Ten intriguing numbers found in the SEC’s Final Rule for Lifting the General Solicitation Ban

On July 10th, the Securities and Exchange Commission lifted it’s ban on general solicitation / general advertising for certain private securities offerings. I am confident that this will have positive consequences for not only small businesses, startups and funds looking to raise equity, but for investors seeking investment opportunities. As a founder of a platform which specializes in private placements for commercial real estate investments, CrowdMason.com, I have been very focused on this rulemaking and am thrilled to see that it has become a reality. I will hold off on analyzing the rule for another post, but wanted to highlight certain facts that were identified in the rulemaking.

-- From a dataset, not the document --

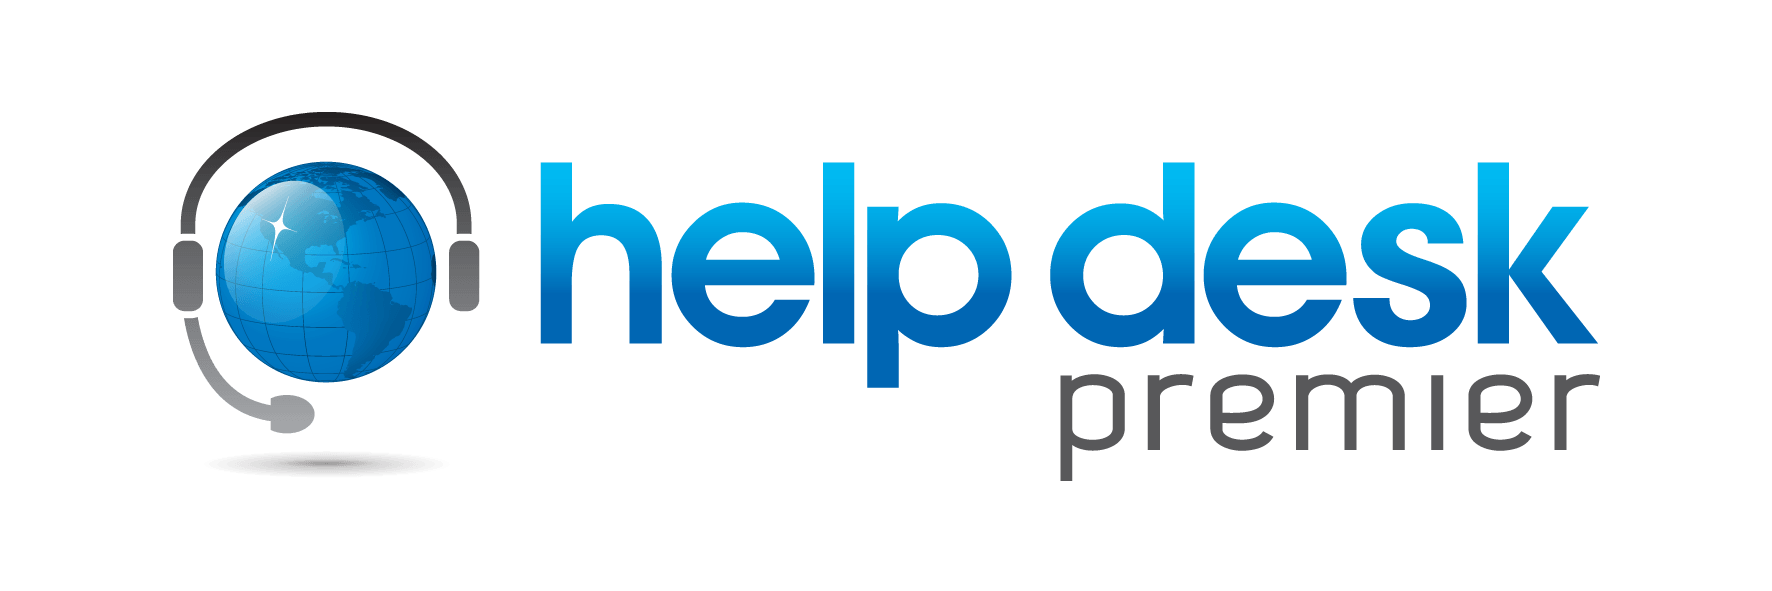 Help Desk Logo - LogoDix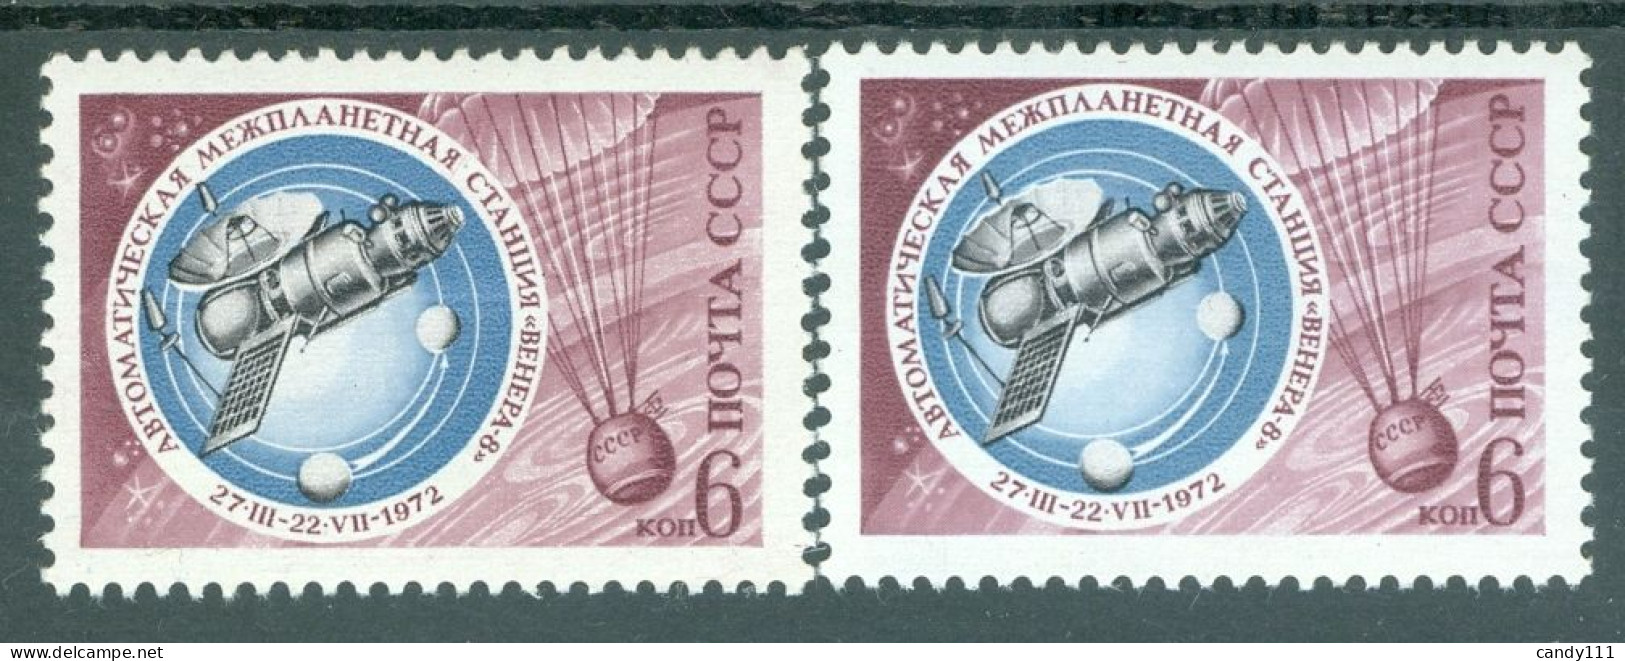 1972 Space,Venus/Venera 8,probe/robotic Spacecraft,Russia,4079,Gum Variety,MNH - Europa

  • 18,187 New Form D filings in 2012 (this has increased by approximately 10% a year since 2009)
  • SEC believes that as a result of this amendment to rule 506, filings will increase by 20% going forward
  • In 2012 – 153,000 investors participated in offerings by operating companies (an additional 81,000 invested in pooled funds)
  • 2/3 of these had ten or fewer investors
  • Less than 5% of these had 30 or more investors
  • SEC believes that the burden to prepare a filing is 4 hours or $1,200
  • 8.7MM U.S. households (7.4% of all U.S. households) qualify as accredited investors in 2010
  • In 2010 analysis of retail brokerage accounts, 3.7MM accounts had at least $100k in direct equity investments
  • Even less 664,000 with $500k in direct equity investments (This matters because investing in public equities may be a gateway for investing in exempt offerings)
  • 11% of Form D filings between 2009 and 2012 used intermediaries which it paid a sales commission to (average commission was 5.9% of offering size)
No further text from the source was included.